* [ACTIVITY]:
Reproduce the listing below from the line with "Knight Head Clipart" to the line with "tamron 16 300mm", both lines included, character for character, minus any pictures.

* [DATASET EXTRACT]:
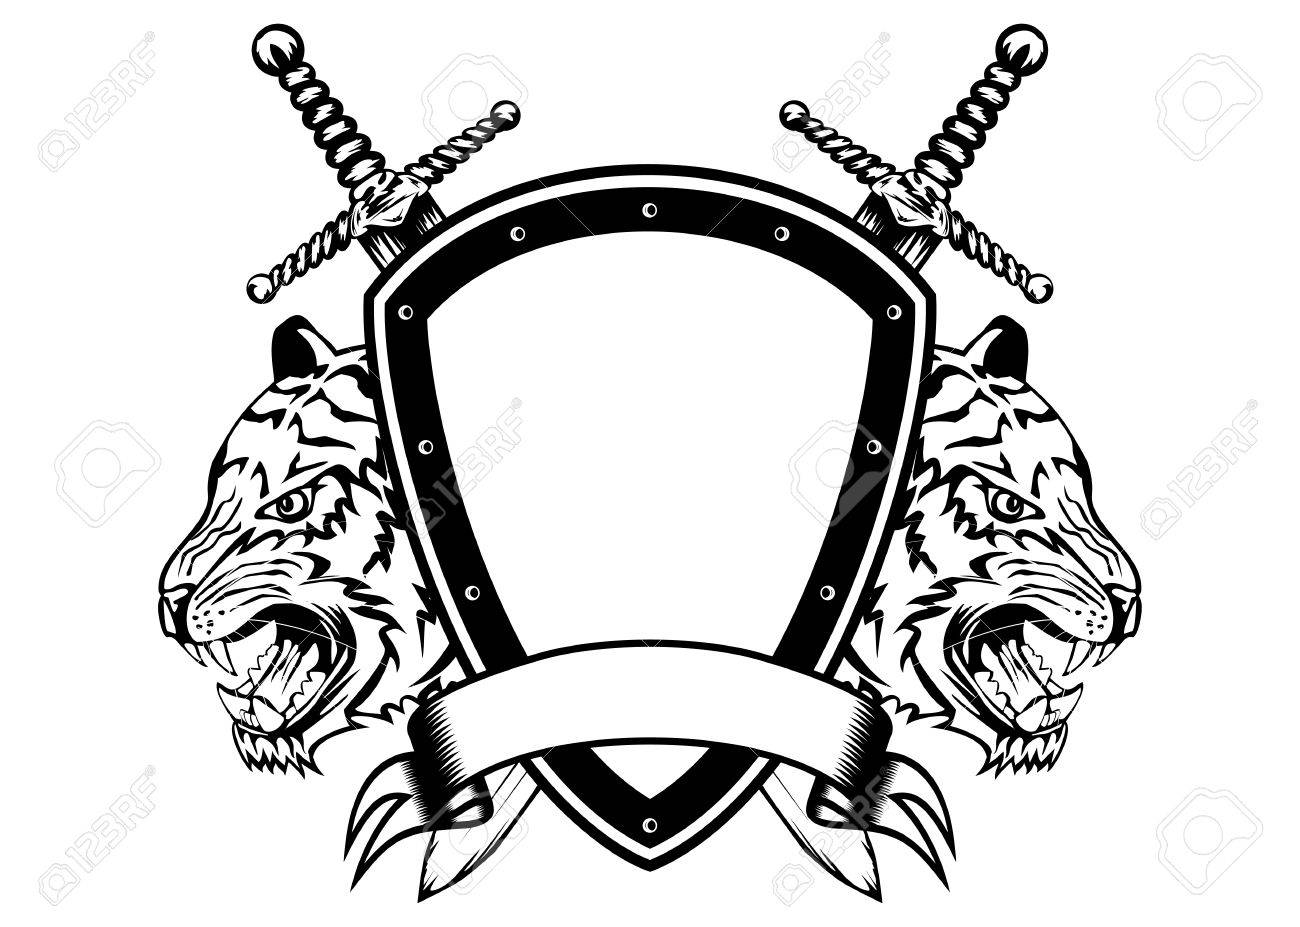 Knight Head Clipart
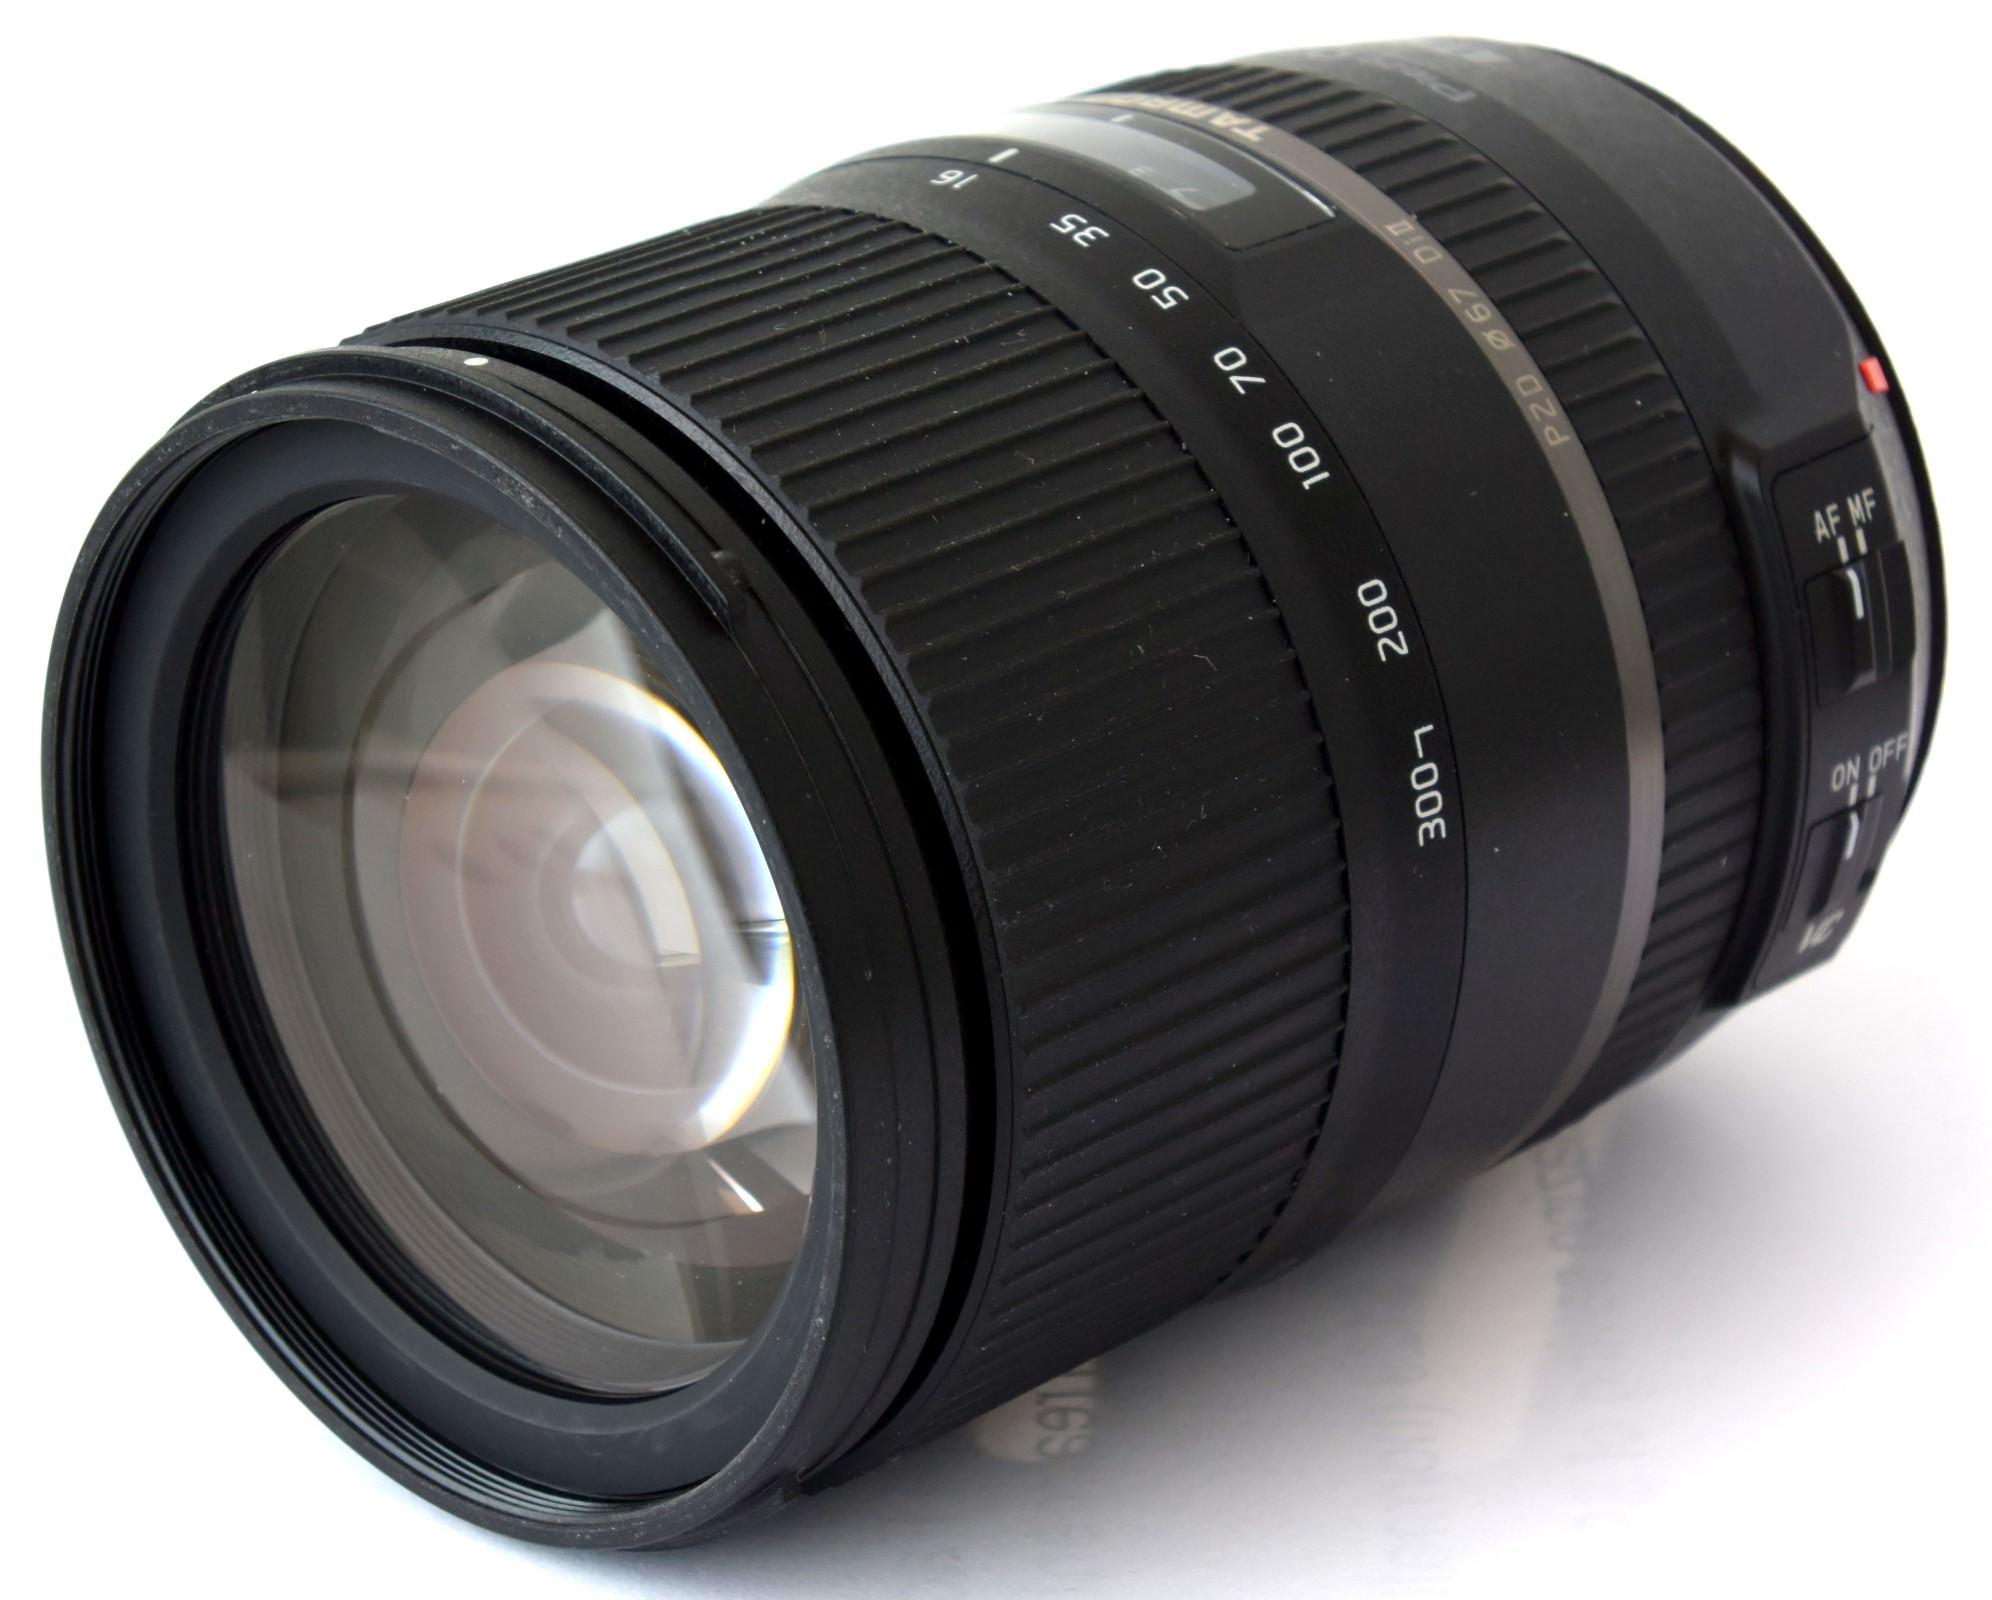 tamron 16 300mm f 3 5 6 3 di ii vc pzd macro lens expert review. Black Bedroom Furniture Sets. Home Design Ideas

* * *

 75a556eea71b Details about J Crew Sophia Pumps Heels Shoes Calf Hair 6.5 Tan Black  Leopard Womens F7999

* [REPLY]:
 Knight Head Clipart
 tamron 16 300mm f 3 5 6 3 di ii vc pzd macro lens expert review. Black Bedroom Furniture Sets. Home Design Ideas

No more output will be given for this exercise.